Being humble - the tendency of most people in the cattle business - was not going to cut it in this fast-emerging world of confusion created by those trying to shut beef down.
Average producers had to get comfortable with being uncomfortable, the chair of Australia's peak grassfed cattle producer group told more than one audience at Beef 2024 in Rockhampton.
Cattle Australia's Garry Edwards urged producers to "get out there and talk to people who don't look like you and don't understand what you do but are the consumers of your product."
Mr Edwards first issued the call to action in launching the CA Breakfast Symposium, which featured speakers from around the world who had many insights and one particular message in common.
That was: Never before has it been so vital to the business of beef to win the hearts and minds of the average, middle-class person.
"As an industry, we need to embrace this reality and proudly tell the story of the cyclical nature of carbon in our production system, our world's best practice in regards to animal welfare and the efforts we take daily to improve and protect the vegetation on our properties and the forage production systems that the humble cow chews," Mr Edwards said.
"She chews on a daily basis to convert human-indigestible plant material from the vast grasslands and rangelands we have in this country to the high quality red meat protein that we know simply as beef.
"That is something to be incredibly proud of and it is a story we need to communicate very, very clearly."
There was no argument at the symposium, and indeed through the big Rockhampton event, that beef now faces a big challenge in explaining to those outside the farming community, both domestically and abroad, how it goes about its business and why it will be the backbone of both the climate change solution and the need to feed a growing world.
"Their concerns often come from confusion created by others or those seeking to gain from our hardship," Mr Edwards said.
The beef industry did "a tremendous job of talking to ourselves" but now needed to step outside the comfort zone, he said.
CA was just a small team but worked tirelessly to "do everything Beef Australia is not allowed to", Mr Edwards said.
"That is we seek advance the interests of the entire industry.
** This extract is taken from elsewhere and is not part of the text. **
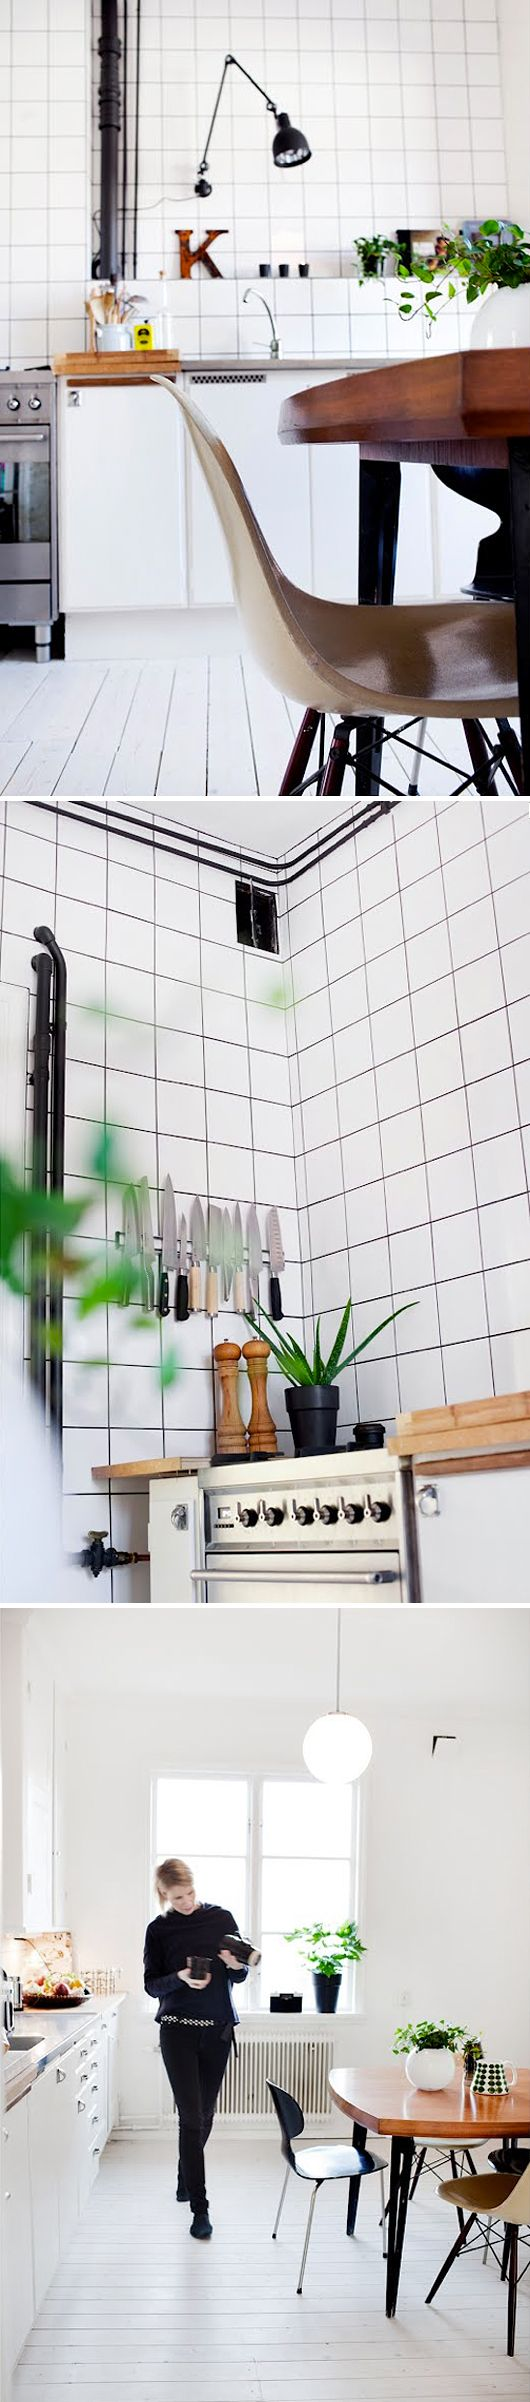 Here they are again; the characteristic door handles: http://www.byggfabriken.com/sortiment/beslag/knoppar-och-handtag/info/produkter/584-421-skaapregel/

We speak proudly on matters where it matters on behalf of the largest levy-paying contributor in the agriculture sector.
"Beef needs to be vigorously represented."
Former New Zealand prime minister Sir John Key was the keynote speaker at the CA symposium.
Amid plenty of colourful yarns and insightful anecdotes on the life and times of a politician, he reiterated the message to get talking and to have those conversations with the middle class, not those who were at the extreme edges and "would never change their minds".
He also expressed optimism for the future of livestock farms in both Australia and NZ, hanging much of that on expected per capita growth in beef consumption in places like Indonesia and China where the middle class was expanding.
"As soon as you get wealthy, you buy protein and you buy it from a country you can trust - and that is Australia and New Zealand," he said.